Suivant offre préalable acceptée le même jour, la CAISSE DE CREDIT MUTUEL [Localité 12] [Localité 11] lui a consenti un découvert « EUROCOMPTE SERENITE » à durée indéterminée, d’un montant maximum de 152 euros, sur son compte n° [XXXXXXXXXX02], au taux débiteur de 8,60 % révisable.
Suivant offre préalable acceptée le 25 mai 2011, la CAISSE DE CREDIT MUTUEL [Localité 12] [Localité 11] (ci-après la CCM) avait consenti à M. [M] [P] et son épouse, Mme [P] [U], née [L], une ouverture de crédit renouvelable intitulée « PASSEPORT CREDIT » n° 102780100600018686608, d’un montant de 5 000 euros, à un taux débiteur variant notamment selon la nature de l’utilisation : véhicule auto/moto, travaux immobiliers ou autres projets.
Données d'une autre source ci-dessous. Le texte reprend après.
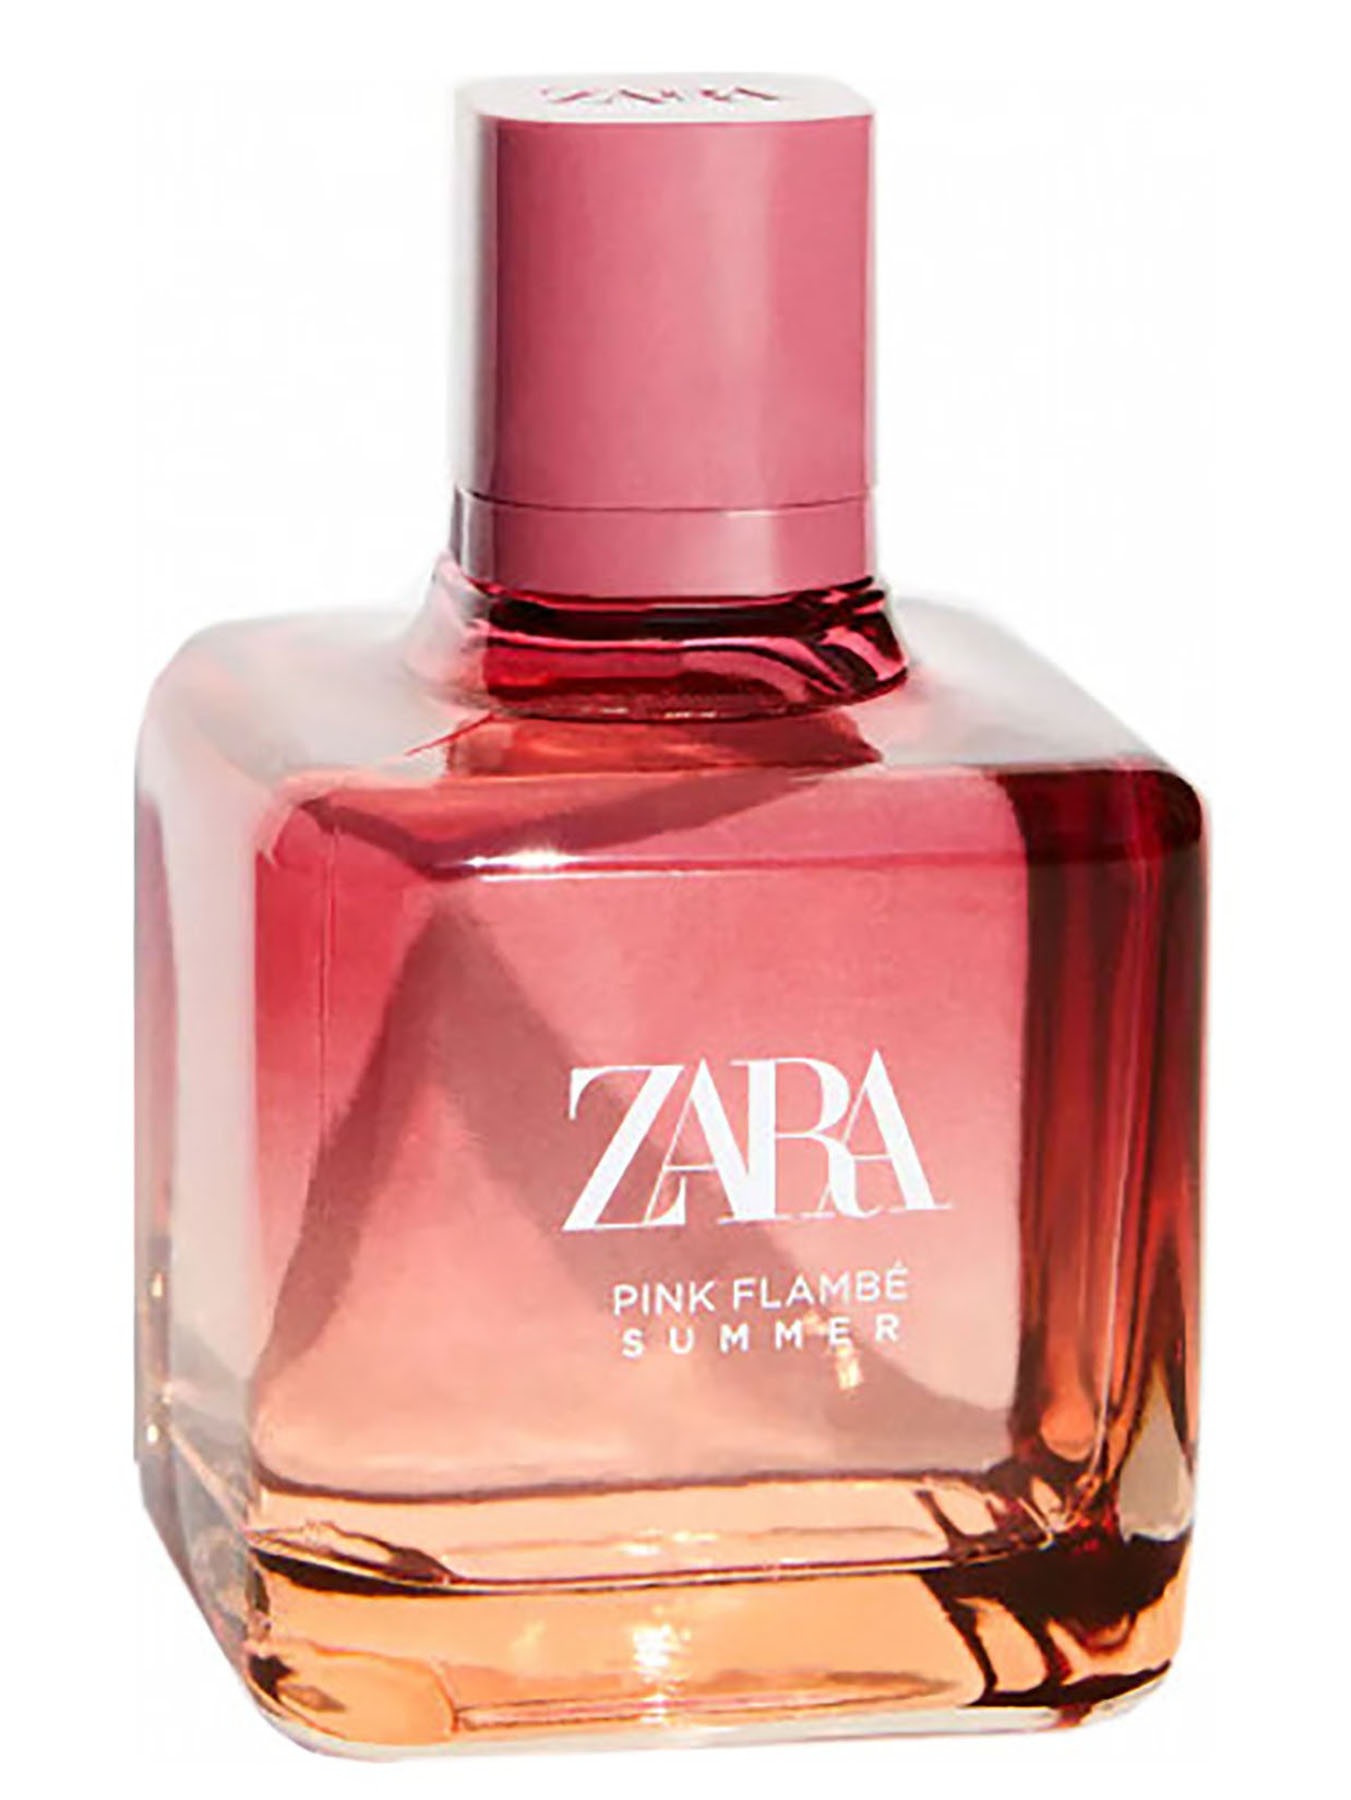 Zara Pink Flambe Summer

Le 24 octobre 2019, la CCM a mis à la disposition des époux [P] à la demande de M. [P], dans le cadre du PASSEPORT CREDIT, une somme de 5 000 euros pour une durée de 60 mois au taux fixe de 5,60%, remboursable par mensualités de 101,38 euros.
Faisant valoir qu’à la suite d’impayés non régularisés et du découvert du compte courant, elle avait dû prononcer la déchéance du terme du prêt et clôturer le compte, la CAISSE DE CREDIT MUTUEL [Localité 12] [Localité 11] a assigné M. [M] [P] et Mme [U] [L] épouse [P] devant le juge des contentieux de la protection de ce tribunal, par acte du 29 juillet 2024, aux fins d’obtenir :
— leur condamnation solidaire à lui payer la somme de 2 533,07 euros, au titre du « prêt », outre les intérêts au taux de 5,6 % l’an à compter du 23 mars 2023,
— la condamnation de M. [P] à lui payer la somme de 4 398,83 euros, outre les intérêts au taux légal à compter du jugement à intervenir, au titre du solde du compte courant.
Elle sollicitait en outre la somme de 800 euros en application de l’article 700 du code de procédure civile.
A l’audience du 3 février 2025, à laquelle les défendeurs n’ont pas comparu, la partie demanderesse, représentée par son conseil, a indiqué se désister de sa demande à l’encontre de Mme [P], mais maintenir sa demande à l’encontre de son époux.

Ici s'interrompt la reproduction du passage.